# The polynomial function is defined by f(x) = 4x^4 + 2x^3 - 8x^2 - 5x + 2. Use a calculator to...

## Question:

The polynomial function is defined by {eq}f(x) = 4x^4 + 2x^3 - 8x^2 - 5x + 2. {/eq} Use a calculator to find all the points (x,f(x)) where there is a local maximum. Round to the nearest hundredth.

## Local maximum

• Local maximum occurs when the value of the function at any point is greater than any other point in the interval.
• In any interval {eq}f(a)>f(x) {/eq}.
• The mathematical condition for local maximum is {eq}f^{\prime}(x)=0 {/eq} and {eq}f^{\prime \prime}(x) < 0 {/eq} .

Given :

{eq}\begin{align} f(x) &= 4x^4 + 2x^3 - 8x^2 - 5x + 2 \\ f^{\prime}(x)&=4(4x^3)+2(3x^2)-8(2x)-5(1)+0 \\ \implies f^{\prime}(x)&=16x^3+6x^2-16x-5\\ f^{\prime \prime}(x)&=16(3x^2)+6(2x)-16(1)-0 \\ \implies f^{\prime \prime}(x)&=48x^2+12x-16 \\ \end{align} {/eq}

For maxima or minima : {eq}f^{\prime}(x)=0 {/eq}

{eq}\implies f^{\prime}(x)=16x^3+6x^2-16x-5 =0 \\ \therefore x=.9766 , -.3060 ,-1.0456 {/eq}

Applying Double Derivative test to identify the points of maximum. At local maxima {eq}f^{\prime \prime}(x) < 0 {/eq}

• {eq}\text{ For } x=.9766 {/eq}

{eq}f^{\prime \prime}(.9766)=41.4991 >0 {/eq}

Hence {eq}x=.9766 {/eq} is the point of local minimum.
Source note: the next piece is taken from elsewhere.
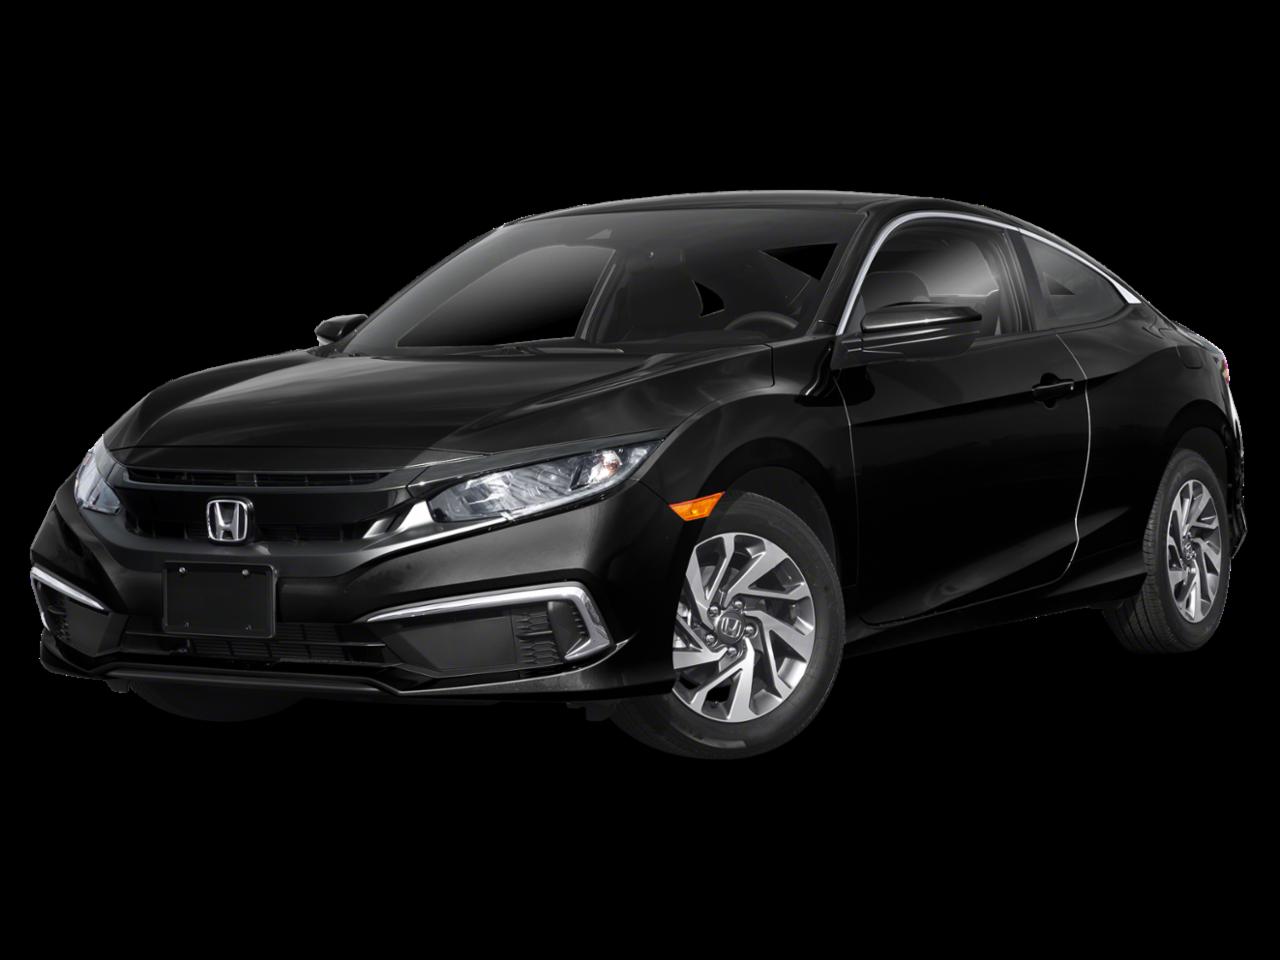 Honda 2019 Civic Coupe LX

• {eq}\text{ For } x=-.3060 {/eq}

{eq}f^{\prime \prime}(-.3060)= -15.1774<0 {/eq}

Hence {eq}x=-.3060 {/eq} is the point of local maximum.

• {eq}\text{ For } x=-1.0456 {/eq}

{eq}f^{\prime \prime}(-1.0456)=23.9302 > 0 {/eq}

Hence {eq}x=-1.0456 {/eq} is the point of local maximum.

Therefore {eq}(-.3060 , 2.7587) {/eq} is the point of local maximum on the curve {eq}f(x) = 4x^4 + 2x^3 - 8x^2 - 5x + 2. {/eq}.